Step 3: Defining the
possible threats (e.g., data loss, leaks, broad accessibility, etc.).
Step 5: Adopting the
appropriate security measures to address the risks.
As can be seen, particularly in Steps 4 and 5, every
security measure should address a risk, but the absence of a security measure does
not in itself represent an issue, unless a risk is exposed and not
addressed.
Finding the
appropriate security measure to address risks
The question then becomes, what security measures
should be adopted by entities in order to address risks?
If risk levels are based on (a) the threat score and (b)
the number of personal data infringement score, companies can opt to rely on this
data to filter and focus on the higher-risk scores (i.e., larger amounts of
personal data, potentially sensitive, being processed and subject to high
levels of threat), and apply the general rules indicated by ENISA or
CNIL.
For example, if the number of personal data
infringement score (b) assigned to a certain system is low, then the absence of
certain security measures should not be an obstacle to address that risk
through other less onerous measures.
By contrast, there might be a need to implement a
security measure if it is necessary to address a (high) risk. For
example, if the level of risk is high, then one might need to implement
appropriate (and even, to a certain extent, overlapping) security measures to
ensure that the high level of risk is addressed.

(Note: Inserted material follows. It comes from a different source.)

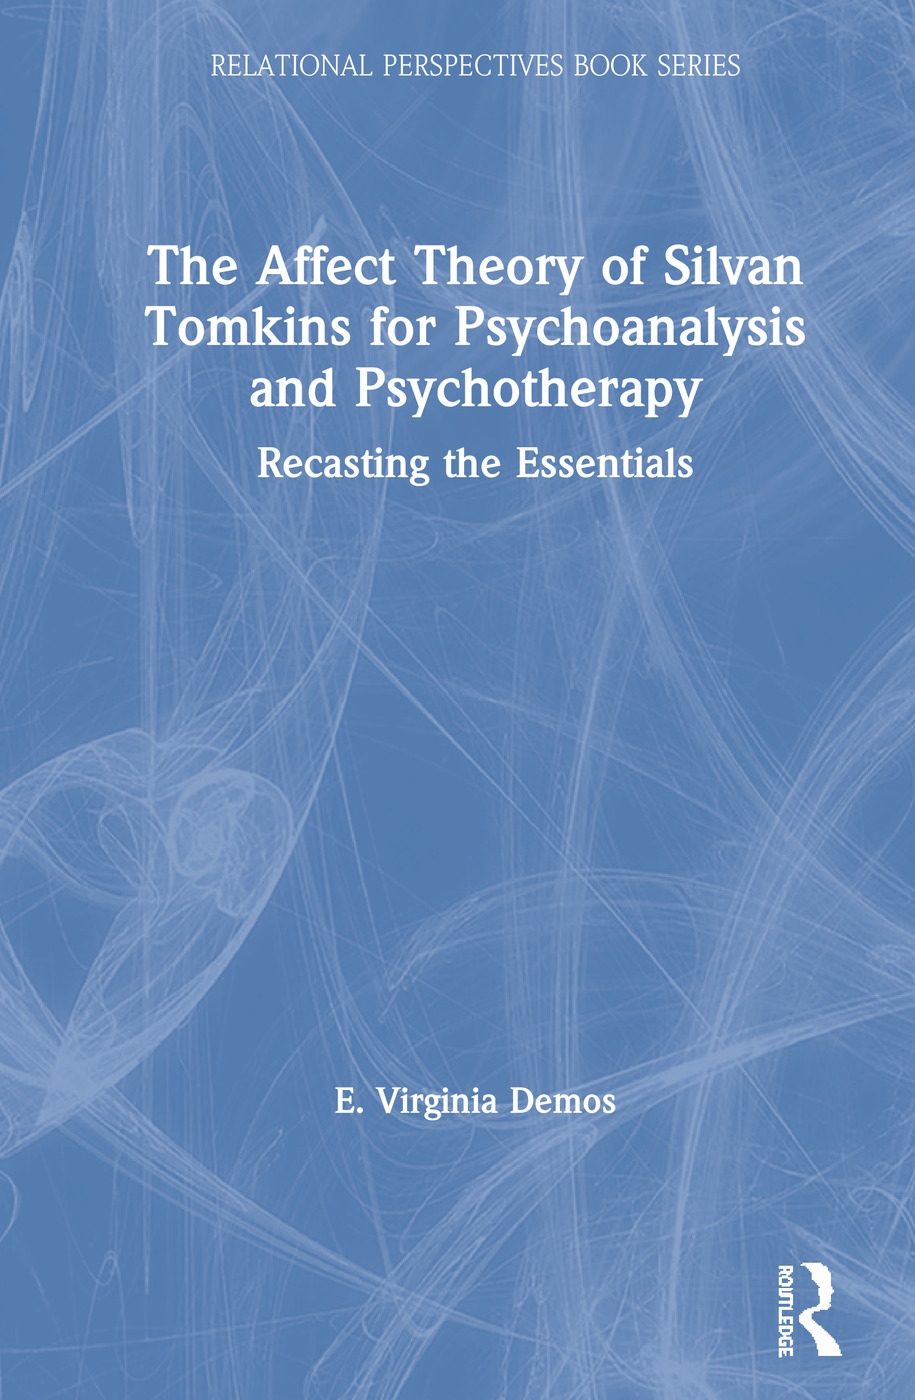 The Affect Theory of Silvan Tomkins for Psychoanalysis and Psychotherapy: Recasting the Essentials

ENISA and CNIL have provided the following categorisation
of risk levels for the following types of personal data processes:
Low-risk (low threat
and low impact):
Marketing and
advertising information (e.g., contact information such as name, postal address,
telephone number, email).
Contact details of B2B
suppliers of services and goods (e.g., first and last name, contact information,
tax and banking information (for suppliers)).
Medium-risk
(low/medium threat and low/medium impact):
Payroll processing information
(e.g., social security number, taxation identifiers, date of employment, salary
information).
Recruitment data (e.g.,
academic education and qualifications, working experience, further professional
or academic training , family status, first and last name, address, telephone
numbers, date of birth, interview notes/report).
Employee evaluation
information (e.g., position within the SME, date of employment, employment
history, technical skills, knowledge and behaviour).
E-learning platform
information (e.g., date of birth, date of admission, selected courses,
evaluation results, grades).
High-risk (medium/high
threat and medium/high impact):
Health services data (e.g.,
social insurance number, medical examination results, pathologies, allergies,
diagnosis and cure schemas, related administrative and financial information).
As can be seen, only in very specific data processes might
the systems be exposed to high risks. In other cases which might concern
personal data such as salary information or education, the level of risk is
medium or even low. This will have a
bearing on the security measures that are necessary to address each purpose.